Getting truthful reports from untrusted people

Data Entry Warnings in Hivekit This is a bit of a delicate topic. Not all operations are equally trustworthy. On some sites, your crews are a well-oiled team that reports their tons, meters and trips to the second decimal point. And when surveyors go in later, everything is exactly as reported.

Then there’s the other kind of site.

Sometimes, reporting discipline is just low and operators don’t radio in their numbers. Sometimes, it’s more deliberate. Inflating or manipulating numbers can be in an individual’s best interest: to hide mistakes, cover up slacking or squeeze out a bit of extra bonus by overreporting haul trips.

That isn’t just bad for trust and morale. Feed those numbers into mine planning and you’re making real decisions based on fictional production.

But you don’t simply have to accept whatever is reported. If you already collect operational data, you can cross-check reports—all without installing expensive truck scales or having a supervisor watch every load.

Here’s how.

Know what numbers you’re expecting

Schedule Screenshot

The easiest way to hide a bad number is simply not to report it. It’s also one of the easiest problems to spot.

If you have a clear schedule of the shift’s activities, the people and vehicles assigned to them, and the metrics each activity requires, missing reports stand out.

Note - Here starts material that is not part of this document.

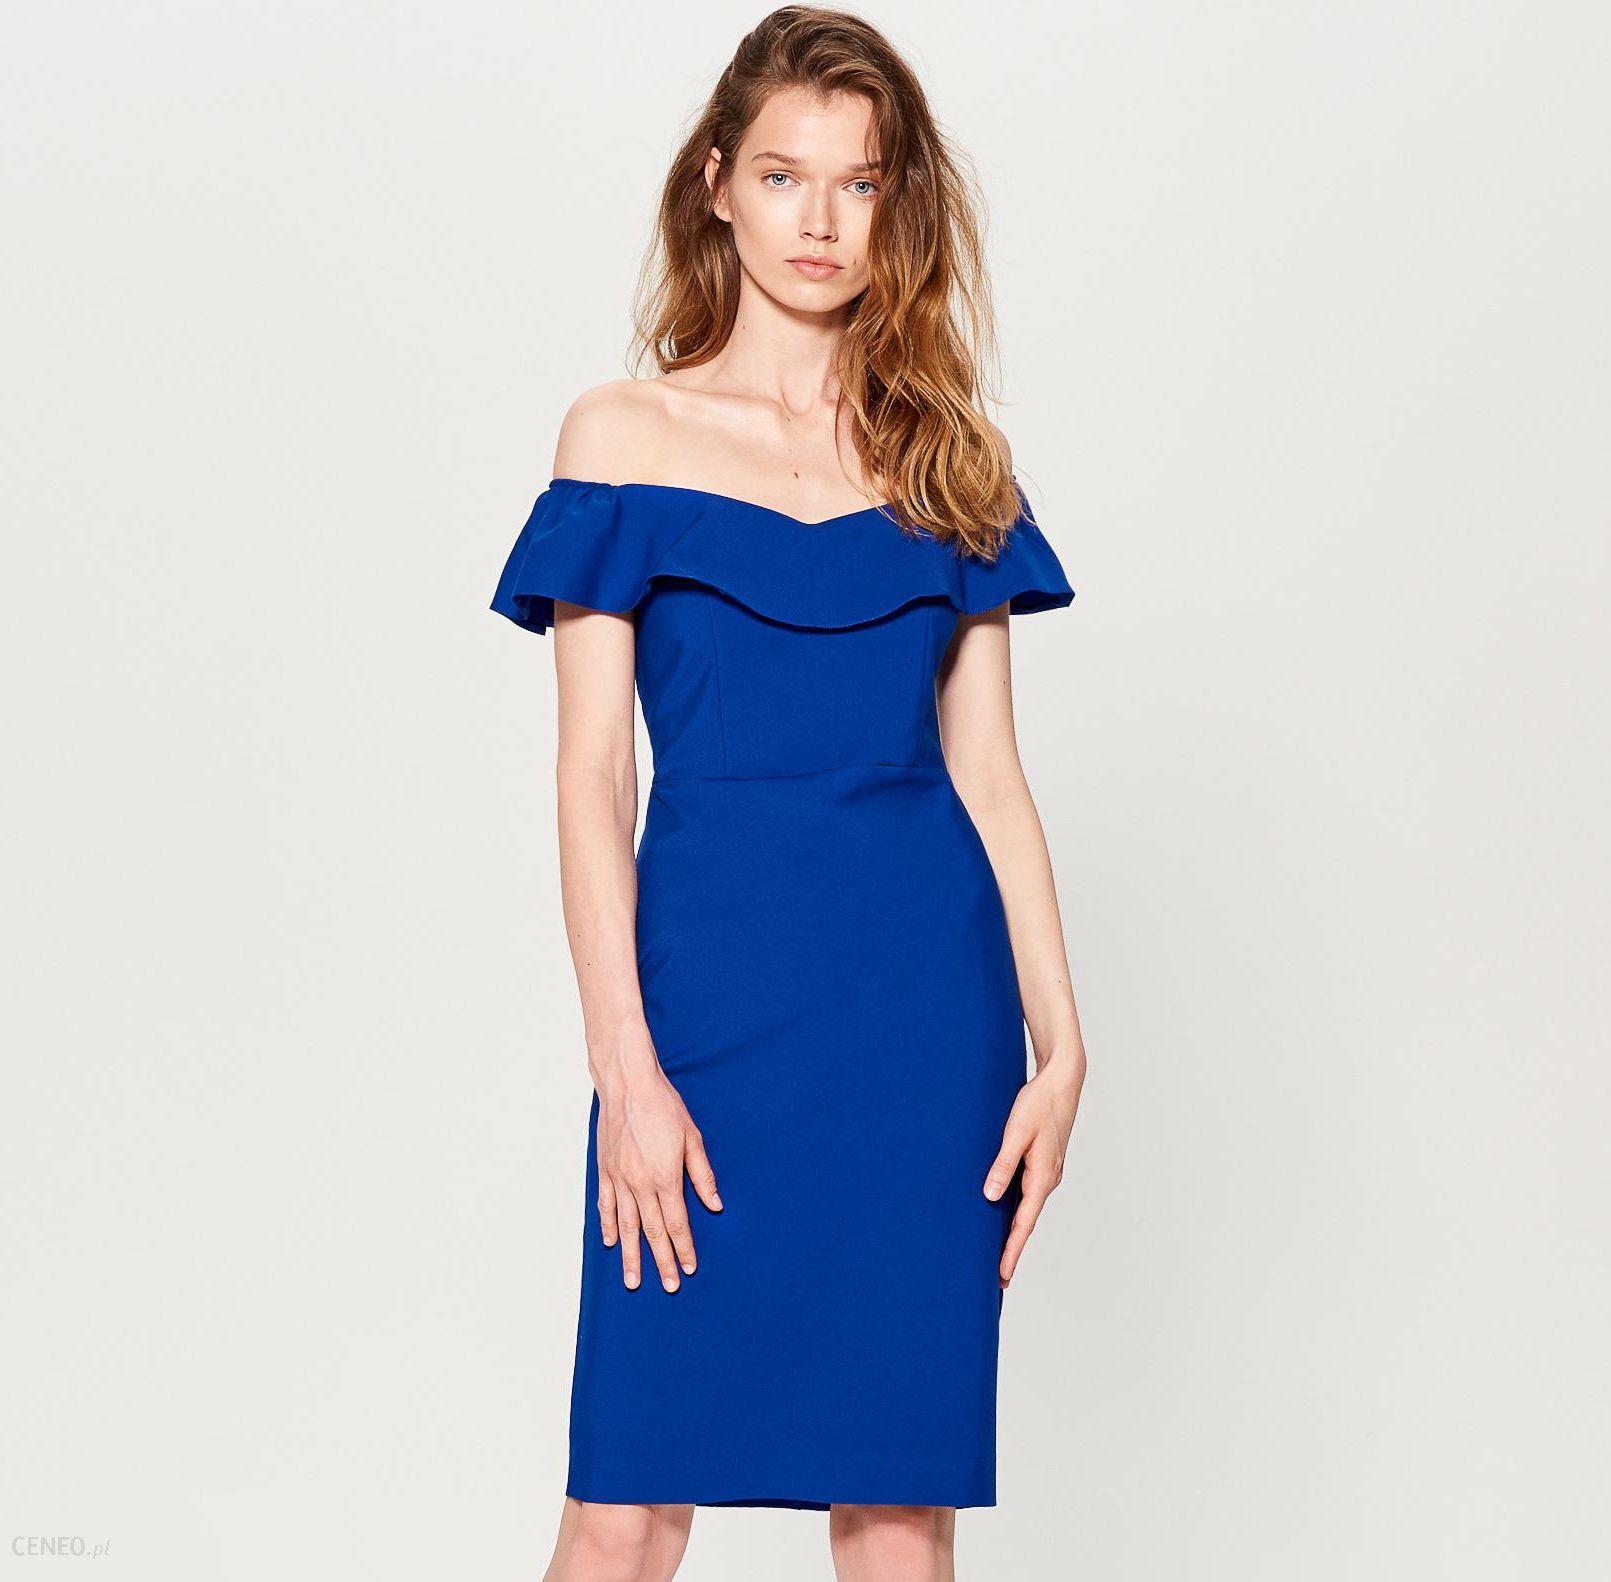 32e8953537 Mohito - Dopasowana sukienka hiszpanka - Niebieski - Ceny i opinie ...

“No number” shouldn’t quietly turn into “nothing to worry about.”

Check contextual feasibility

Contextual Feasability

The first check on any number should be: “Is this possible at all?”

Could the truck carry the reported tonnage in the reported number of trips? Could it complete those trips in the available time, including loading, travel, unloading and queues? Could the excavator load that much material?

Twelve trips might sound reasonable. Twelve trips with an hour-long cycle time, completed during a six-hour shift, need an explanation.

Reconcile with contextual clues

Next, check whether other data supports the report.

An operator reports 12 trips and 2,230 tons. The truck started with 432 liters of fuel and finished with 403. That’s 29 liters used, assuming no refueling.

Does that fit the route, distance and truck’s usual consumption when empty and loaded?

Allow for idling, gradients and road conditions: fuel consumption depends on more than payload. Set tolerances using your own site data, rather than assuming a universal ±10%.

Fuel alone won’t prove a report is false. But fuel use, movement records and operating hours can reveal numbers that deserve a closer look.

Reconcile the production chain

Material Movement As your understanding of material movement improves, false reports become harder to hide.

Your heading dimensions and actual advance give you an estimated excavated volume. Local density gives you an estimated tonnage. That material should then appear in haul records, muck piles, surface pads or processing feeds.

For each stockpile, the logic is simple:

Opening stock + incoming material − outgoing material = closing stock.

Compare the same time periods and allow for measurement uncertainty, moisture and the volume change when rock is blasted.

If a crew reports hauling more material than was available, or a stockpile keeps growing without recorded deliveries, something doesn’t add up.

Detect statistical outliers

Statistical Outliers Sometimes, a crew just has a really good day. It happens. But a driver or team consistently reporting production well above the usual range deserves a closer look.

Compare like with like: similar equipment, routes, materials and shift conditions. The question is whether the reported performance makes sense under those conditions.

Flag discrepancies before pointing fingers

An outlier is a reason to investigate. It isn’t a verdict. A typo, faulty sensor or delayed report can look suspicious too.

But repeated discrepancies deserve attention.

The goal is to build confidence in your numbers through consistent checks and reconciliations, with a reporting system that handles the routine verification automatically.

That way, honest work gets the credit—and fictional production doesn’t.